Depuis la prise de pouvoir des Talibans en 1996,
les femmes doivent porter le burqua*, sont battues et lapidées en public
si elles n'ont pas l'habit adéquat, ne fut-ce que si le filet ne couvre pas
leurs yeux. Une femme a été battue À MORT par une foule de fondamentalistes
pour avoir incidemment exposé son bras en conduisant. Une autre a été
lapidée À MORT pour avoir tenté de quitter le pays avec un homme qui ne
faisait pas partie de sa famille.
Les femmes ne sont pas autorisées à
travailler ni même à sortir sans un parent de sexe masculin. Les femmes qui
travaillent en tant que professeurs, traductrices, médecins, avocates,
artistes et écrivains ont été contraintes de quitter leur travail et ont été
renvoyées à la maison, de sorte que les dépressions deviennent tellement
répandues que le phénomène a atteint un seuil d'urgence.
Les maisons occupées
par des femmes doivent avoir leurs fenêtres peintes de sorte que les femmes
ne puissent jamais être vues de l'extérieur.
Elles doivent porter des
chaussures qui ne font pas de bruit, de manière à ne jamais être
entendues.
Les femmes craignent pour leur vie à la moindre "mauvaise
conduite".
Le travail leur étant interdit, les femmes célibataires ou sans
membres de la famille de sexe masculin meurent de faim ou mendient dans la
rue, fussent-elles titulaires d'un doctorat.
Il n'y a pratiquement pas de
traitements médicaux disponibles pour les femmes, et les représentants
d'organismes humanitaires ont pour la plupart quitté le pays.
Dans l'un des
rares hôpitaux pour femmes, un journaliste a trouvé des corps immobiles,
presque sans vie, couchés sur des lits.
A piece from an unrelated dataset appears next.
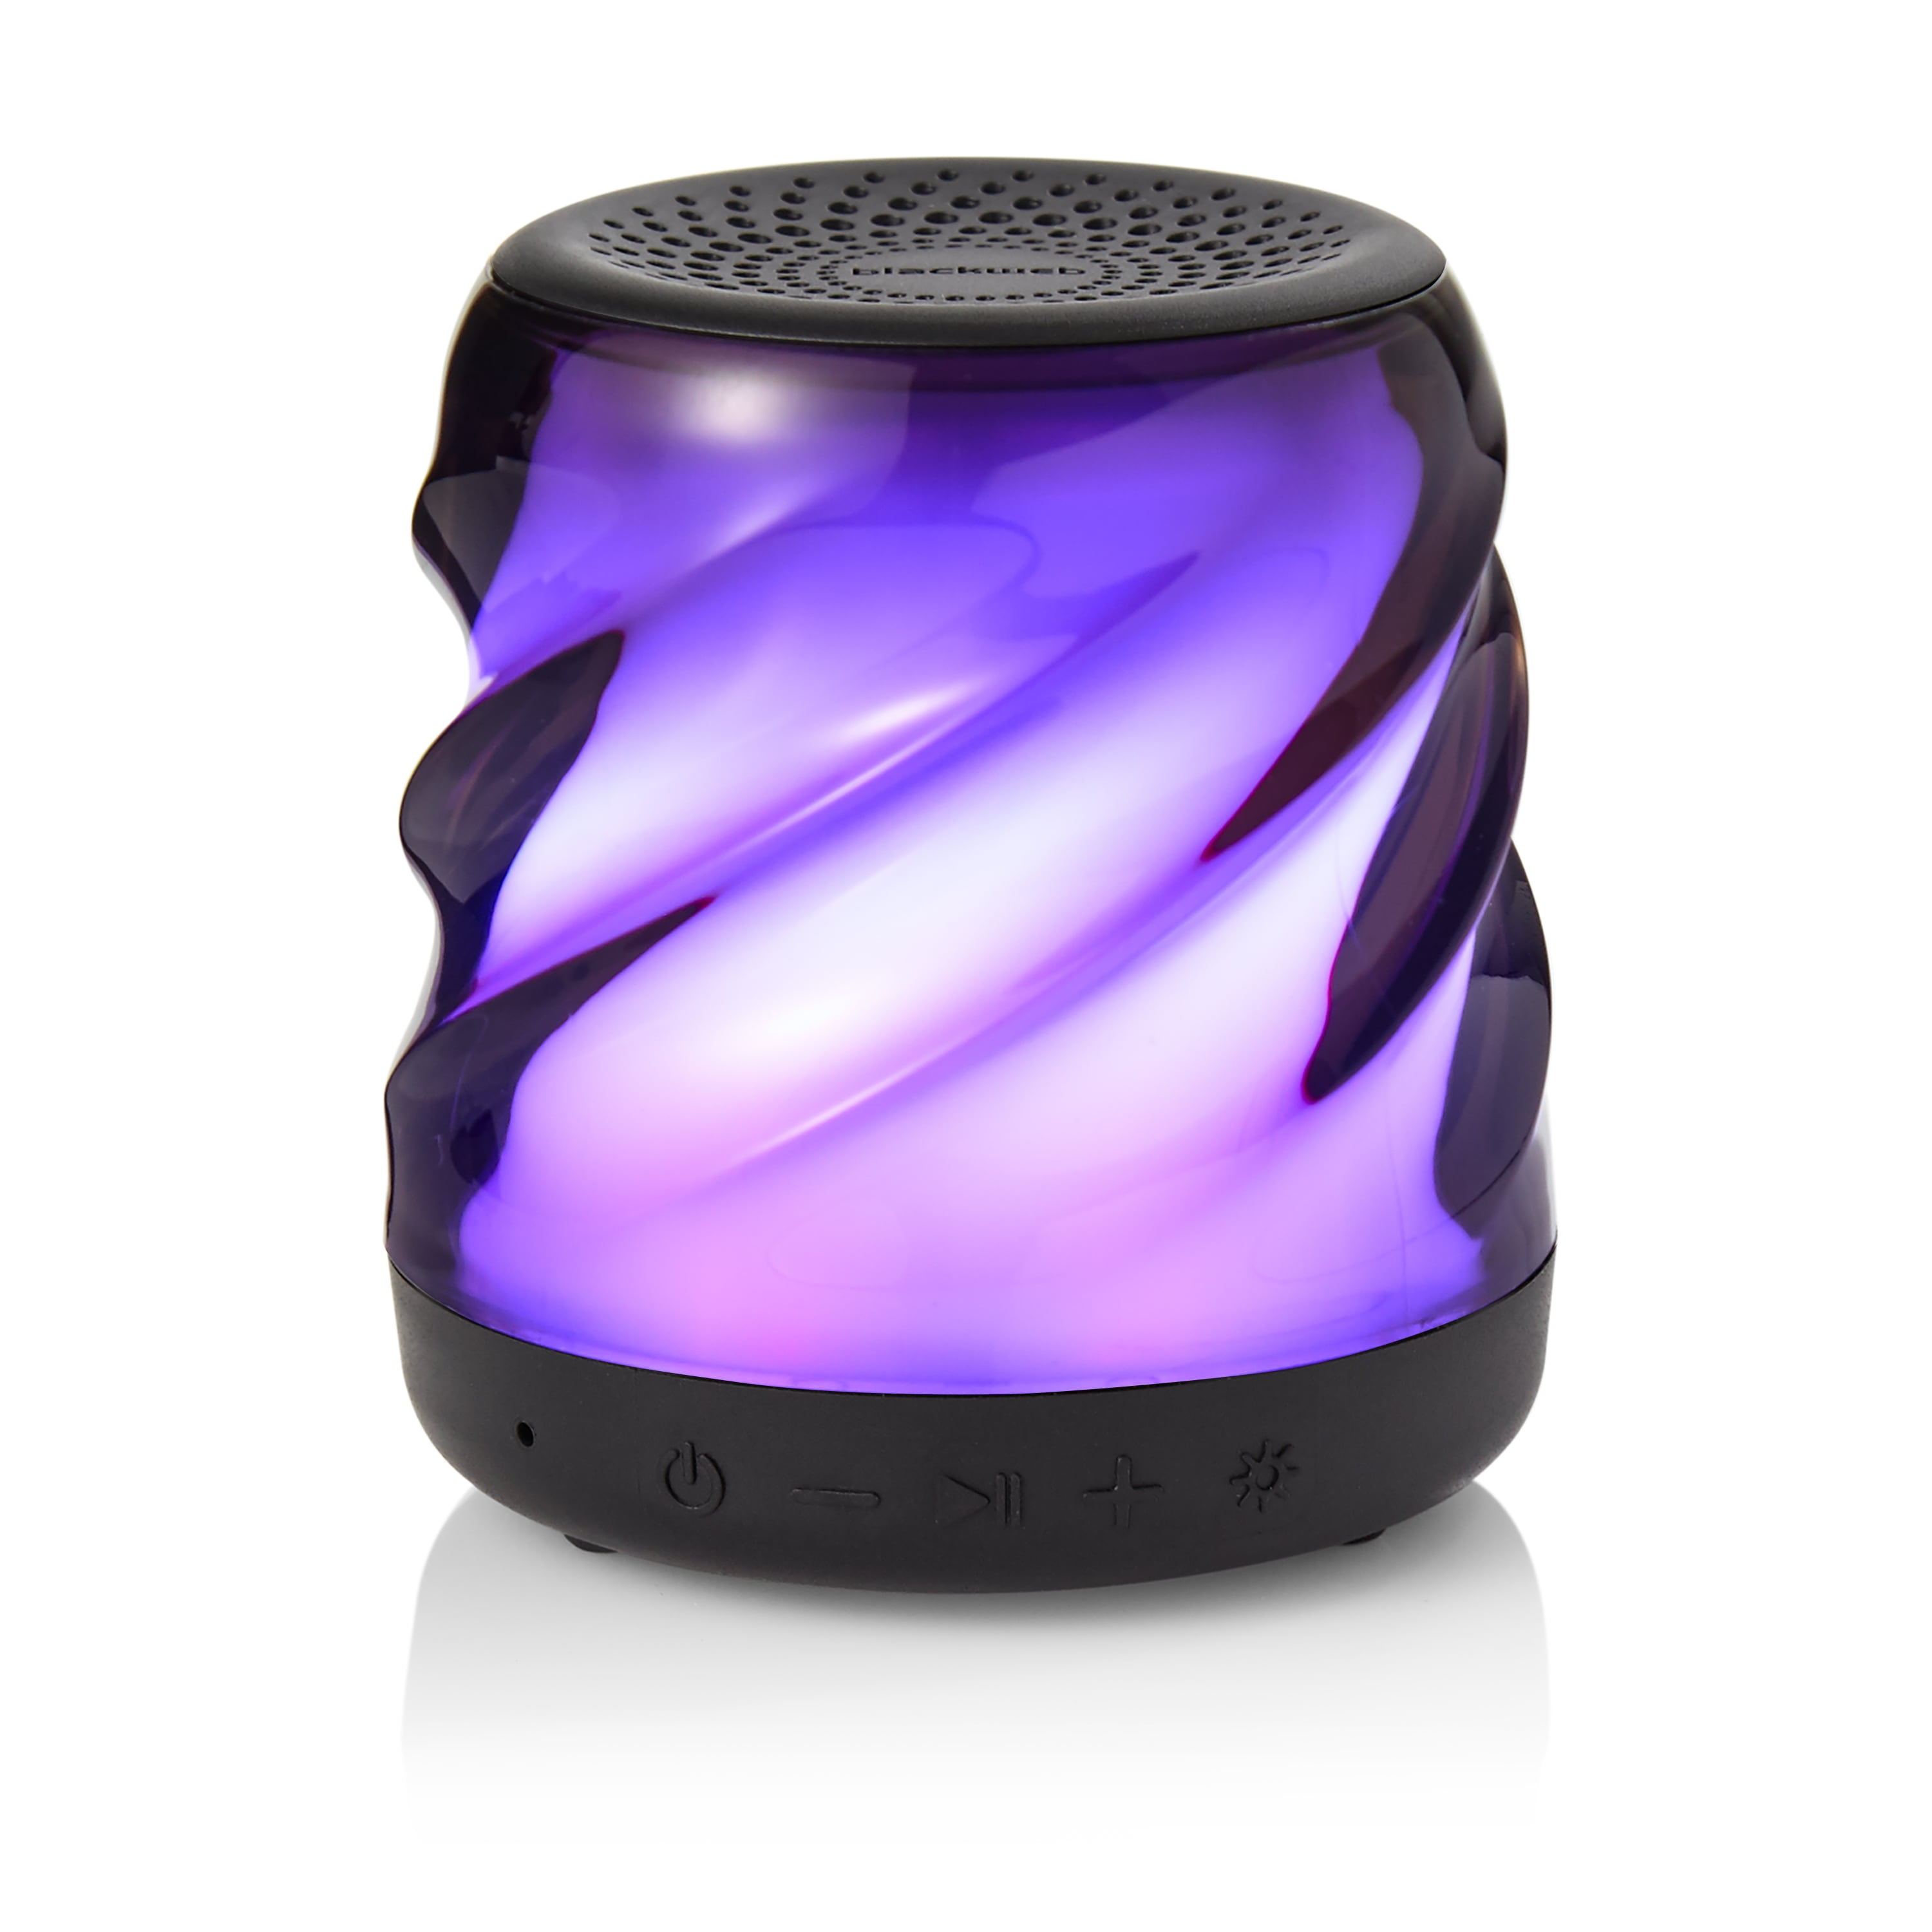 speakers that change color to the beat

Enveloppées dans leur burqua,
réticentes à parler, à manger ou à faire quoique ce soit, dépérissant à petit
feu. D'autres sont devenues folles. On les a vues tapies dans des coins,
se balançant ou pleurant, pour la plupart, de peur.
La situation est arrivée
à un point où le terme "violations des droits humains" est un euphémisme*.
Les maris ont droit de vie et de mort sur les femmes de la famille, en
particulier sur leurs épouses, mais une foule en colère a tout autant le
droit de lapider ou de battre une femme, souvent jusqu'à ce que mort s'en
suive, pour avoir exposé une once de chair ou avoir offensé l'un d'entre
eux de la manière la plus insignifiante.
Jusqu'en 1996, les femmes
jouissaient d'une relative liberté pour travailler, généralement pour
s'habiller comme elles le souhaitaient, pour conduire et apparaître seules
en public . La rapidité de la transition constitue la raison principale des
dépressions et des suicides. Les femmes qui par le passé, étaient
éducatrices ou médecins ou qui simplement étaient habituées à des libertés
humaines basiques sont à présent durement réprimées et traitées comme des
sous-êtres, au nom de l'islam fondamentaliste et rétrograde.
Il ne s'agit
pas de tradition ou de culture, au contraire. Les mesures sont extrêmes,
même dans les cultures ou le fondamentalisme constitue la règle.
Tout être
humain a le droit à une existence tolérable, y compris les femmes d'un
pays musulman situé dans une partie du monde que les Occidentaux ne
comprennent pas.
Vocabulaire :
Burqua : Voile noir recouvrant le visage et principalement la tête.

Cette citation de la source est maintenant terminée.